Task statement ▸ From the records below, print only the part that opens with the line containing "Rustic bridge at" and closes with the line containing "Personalized Jersey Robe with Lace Image"; omit the pictures.

━━━━━ Supplied material ━━━━━

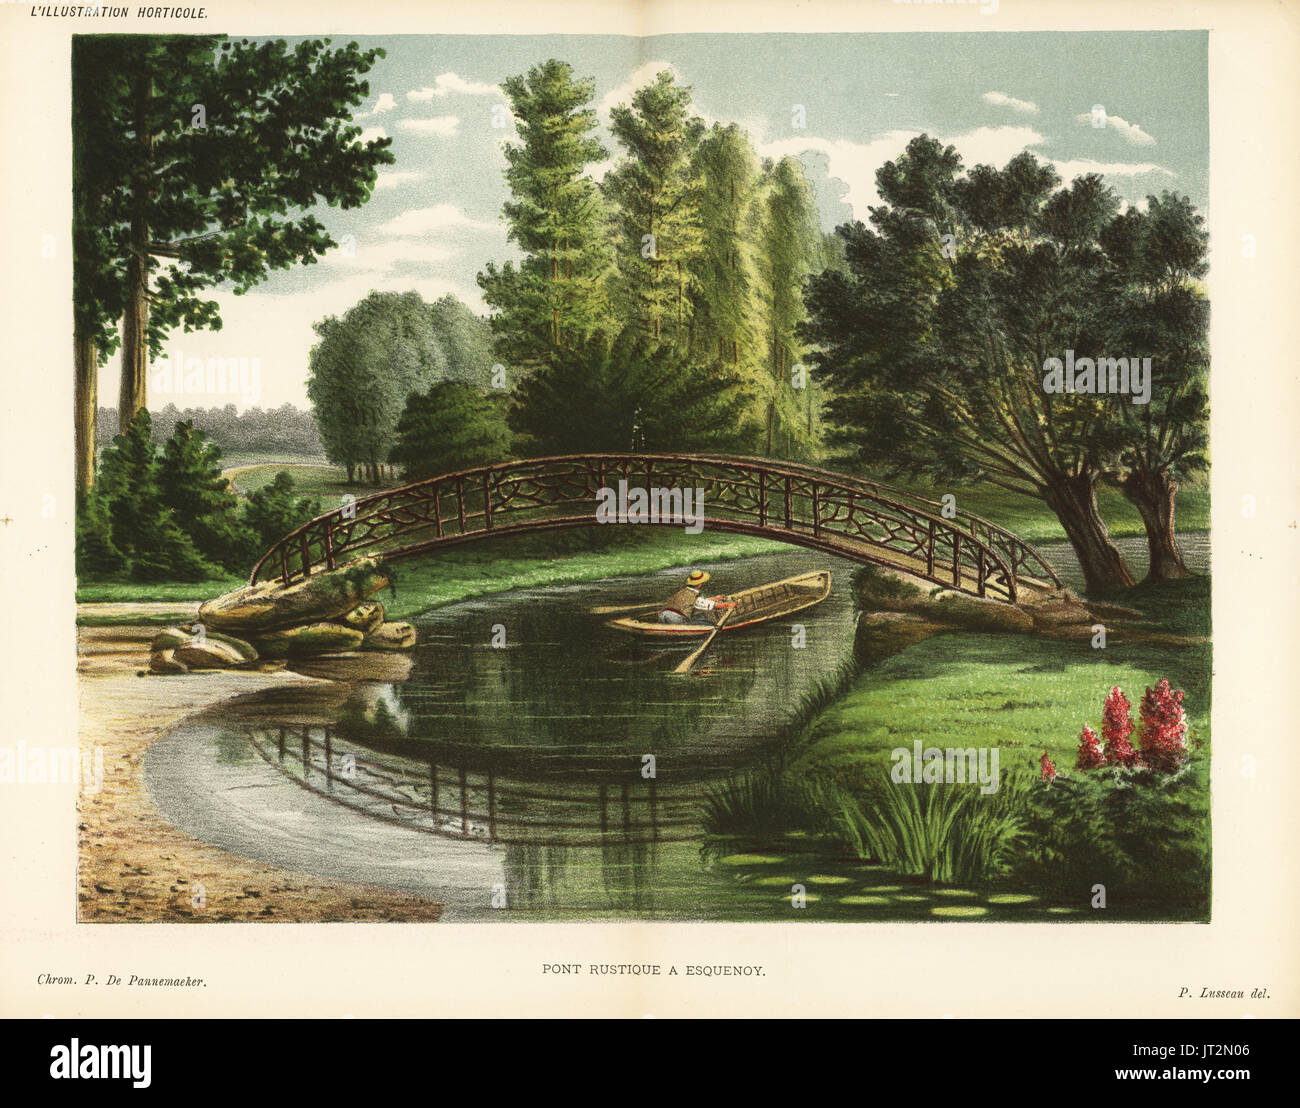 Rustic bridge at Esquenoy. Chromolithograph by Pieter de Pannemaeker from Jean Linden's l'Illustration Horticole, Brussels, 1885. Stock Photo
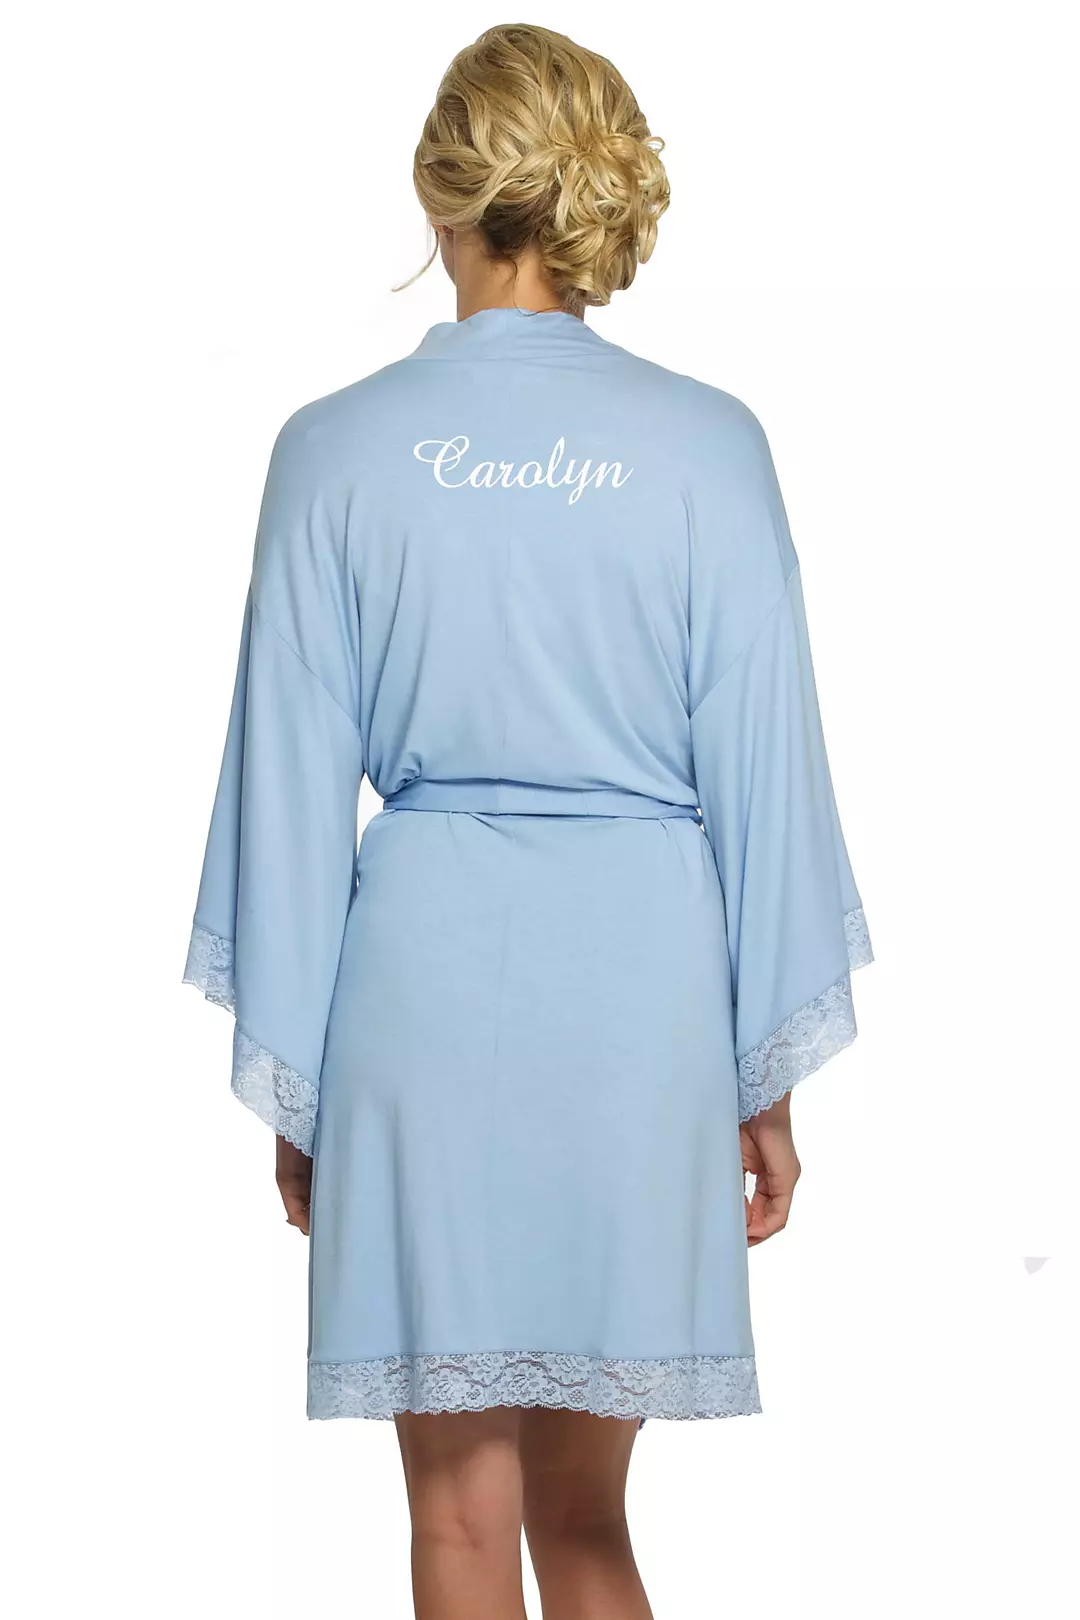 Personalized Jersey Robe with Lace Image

━━━━━
━━━━━ Supplied material ━━━━━

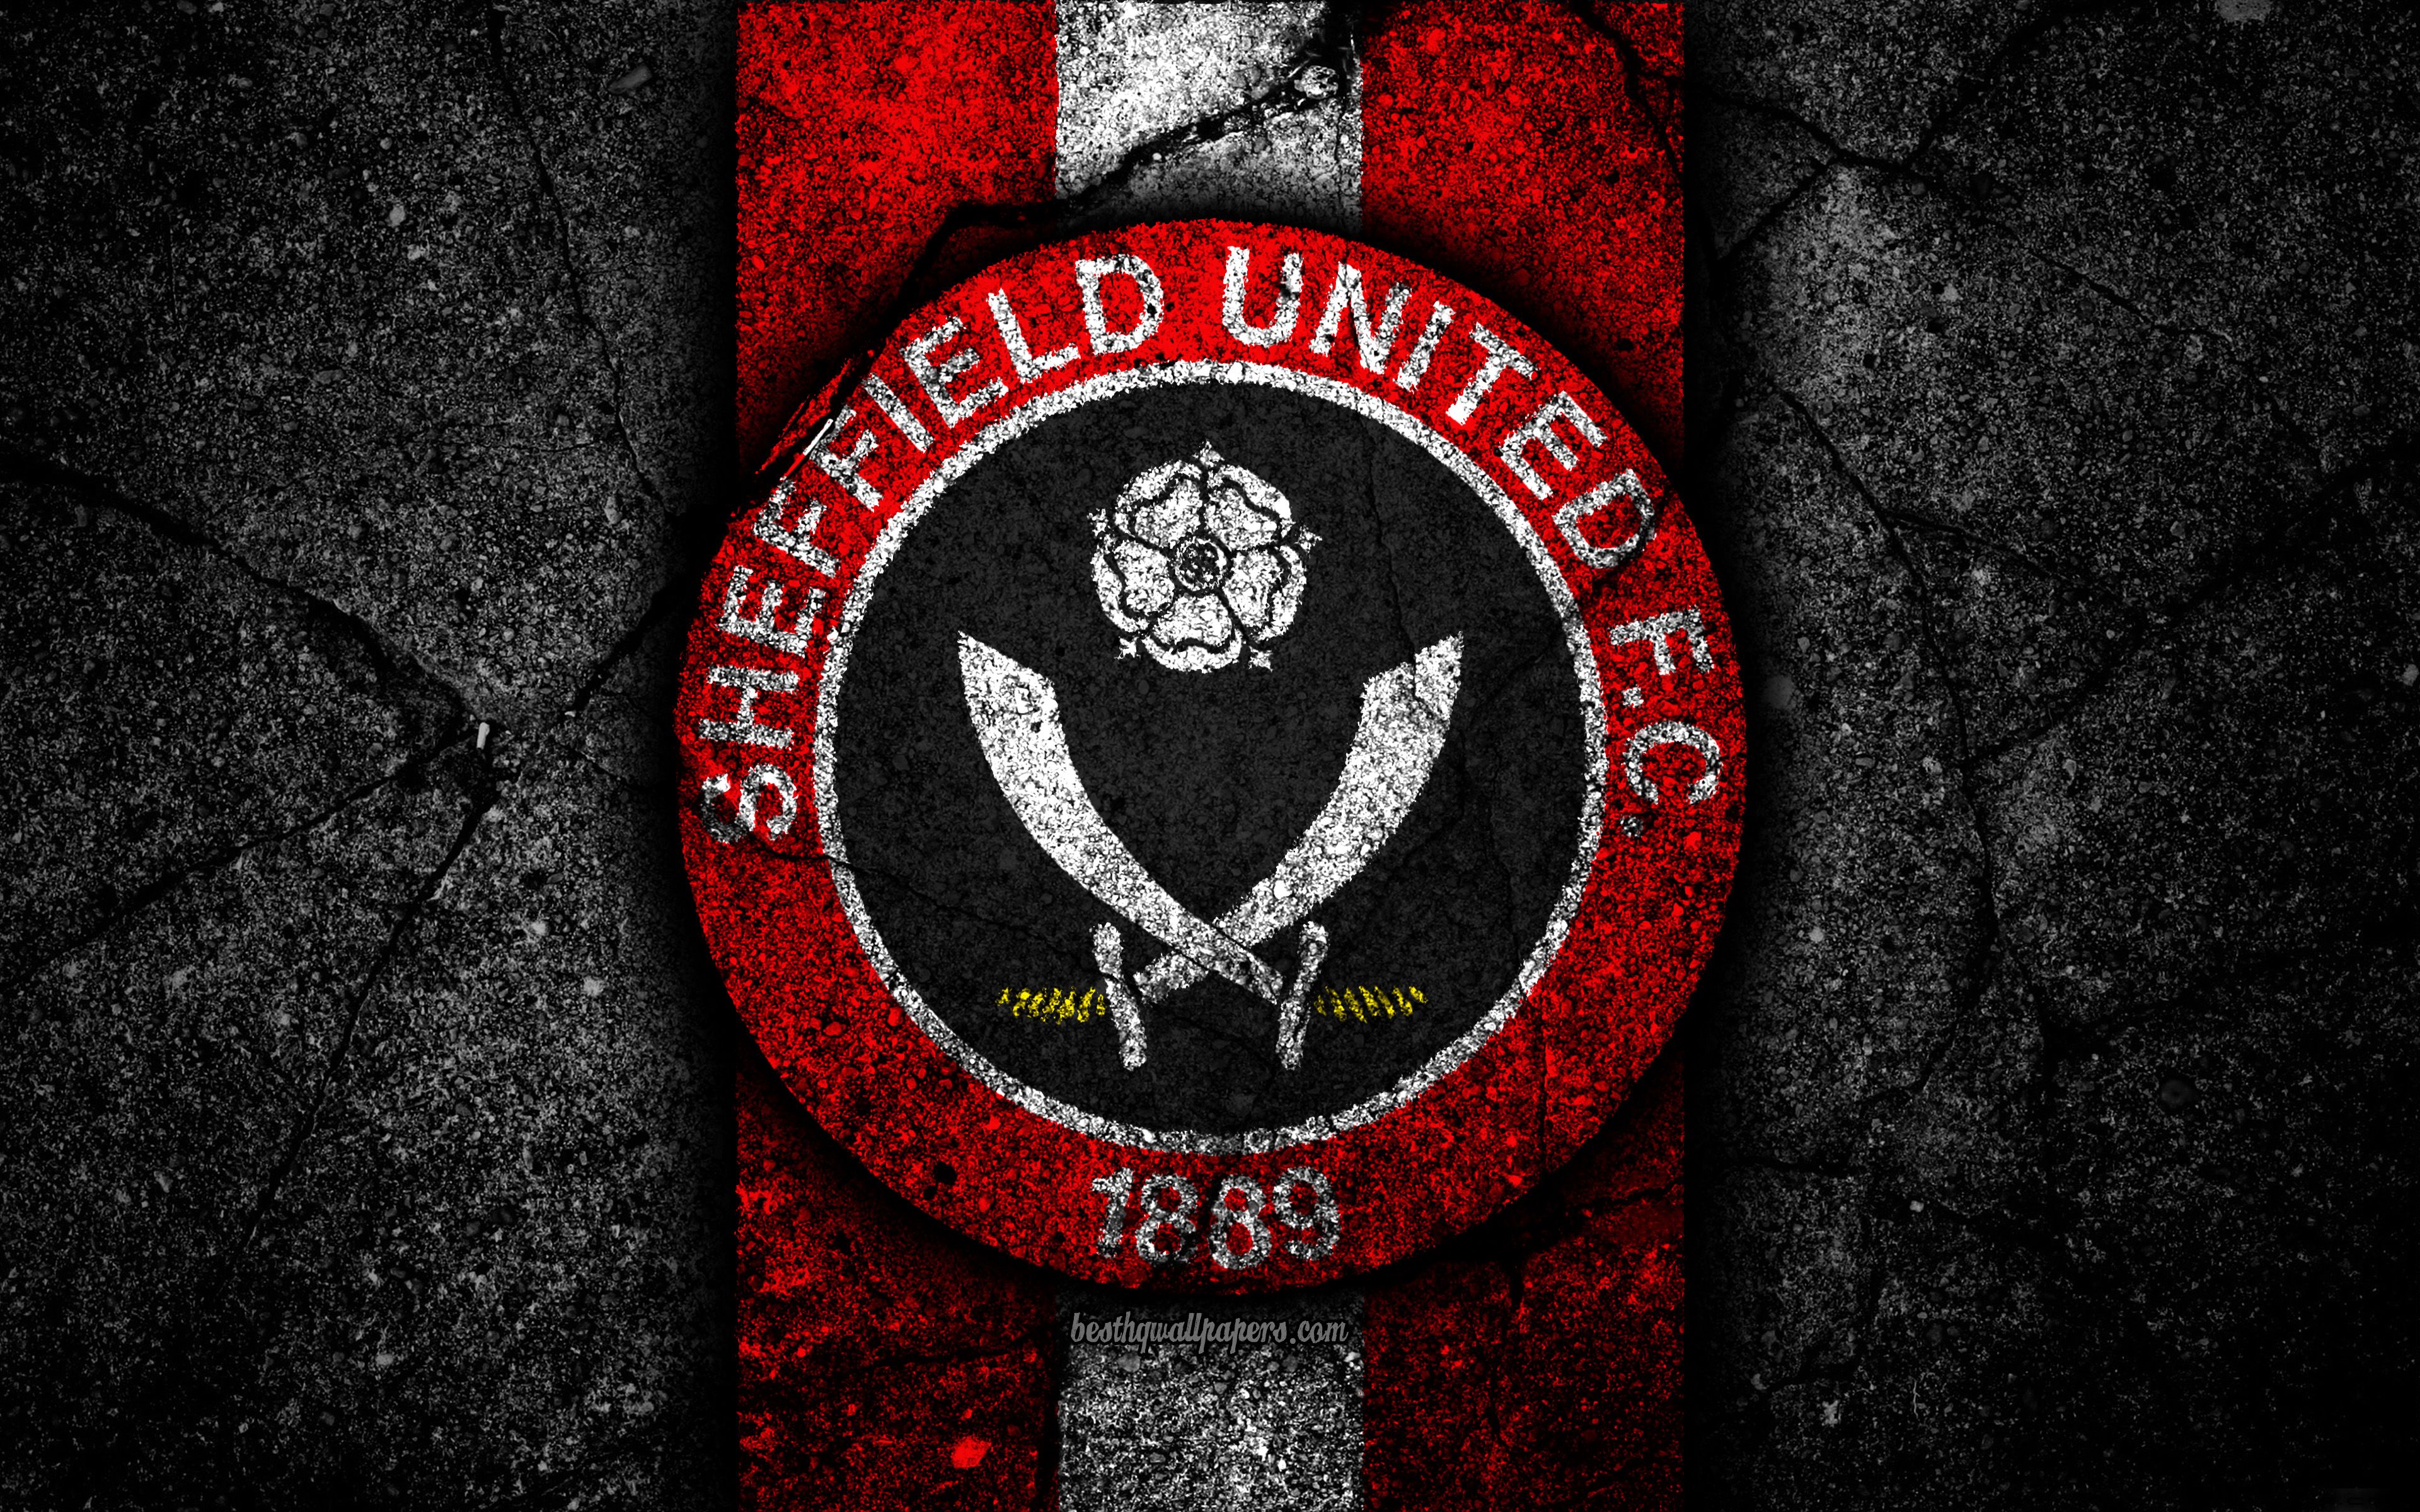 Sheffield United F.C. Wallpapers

━━━━━
━━━━━ Supplied material ━━━━━

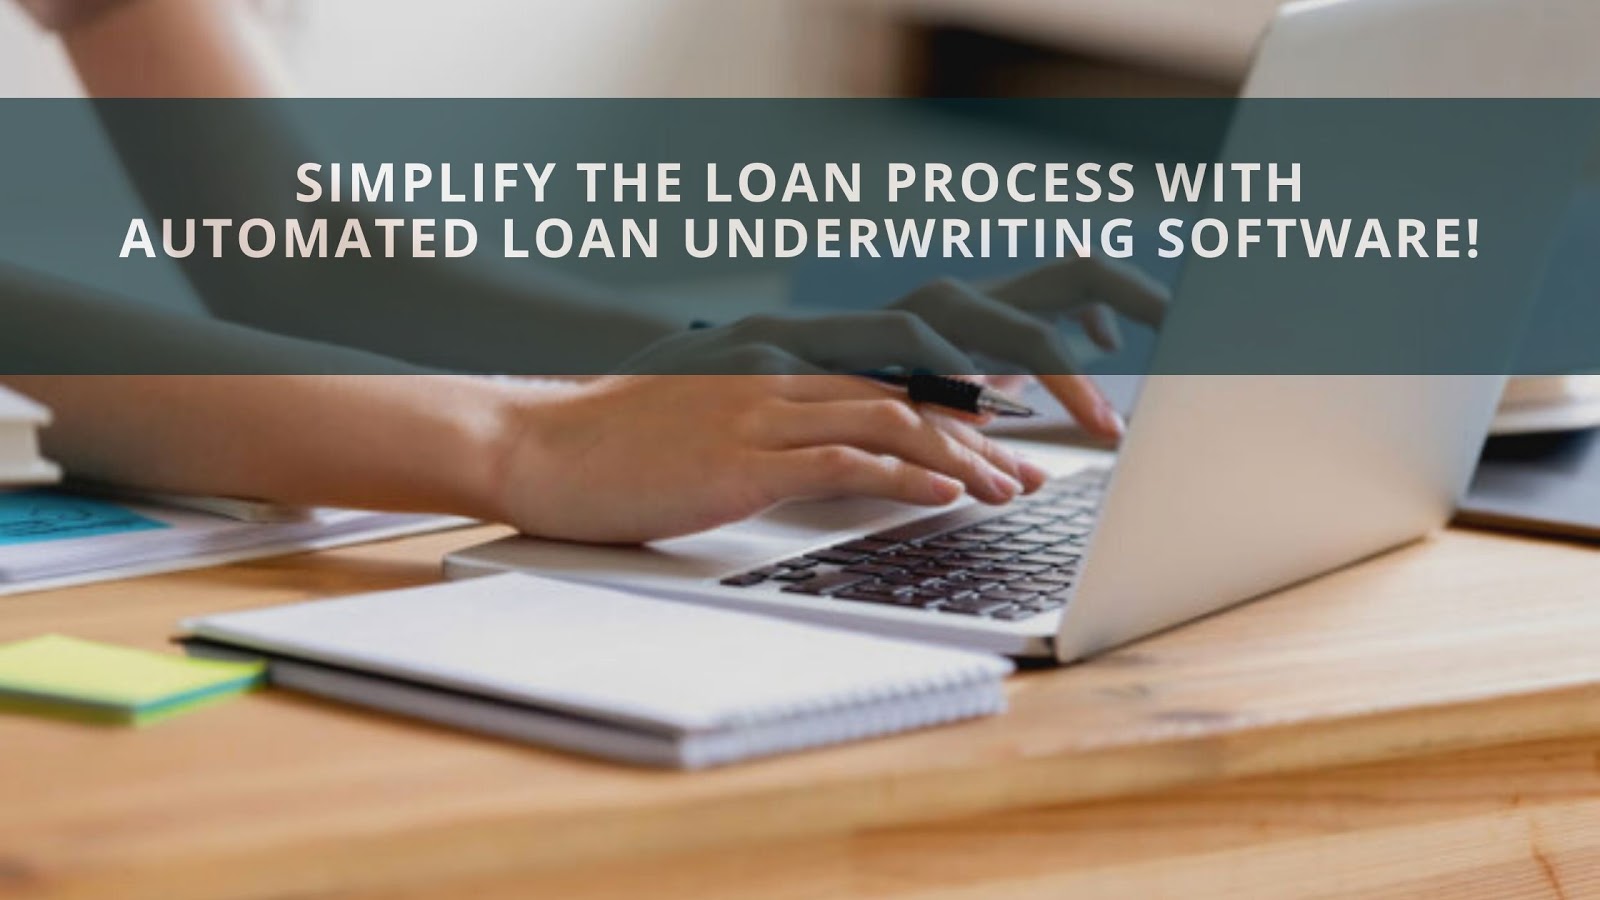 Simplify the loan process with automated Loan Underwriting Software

━━━━━

Answer area ▸
 Rustic bridge at Esquenoy. Chromolithograph by Pieter de Pannemaeker from Jean Linden's l'Illustration Horticole, Brussels, 1885. Stock Photo
 Personalized Jersey Robe with Lace Image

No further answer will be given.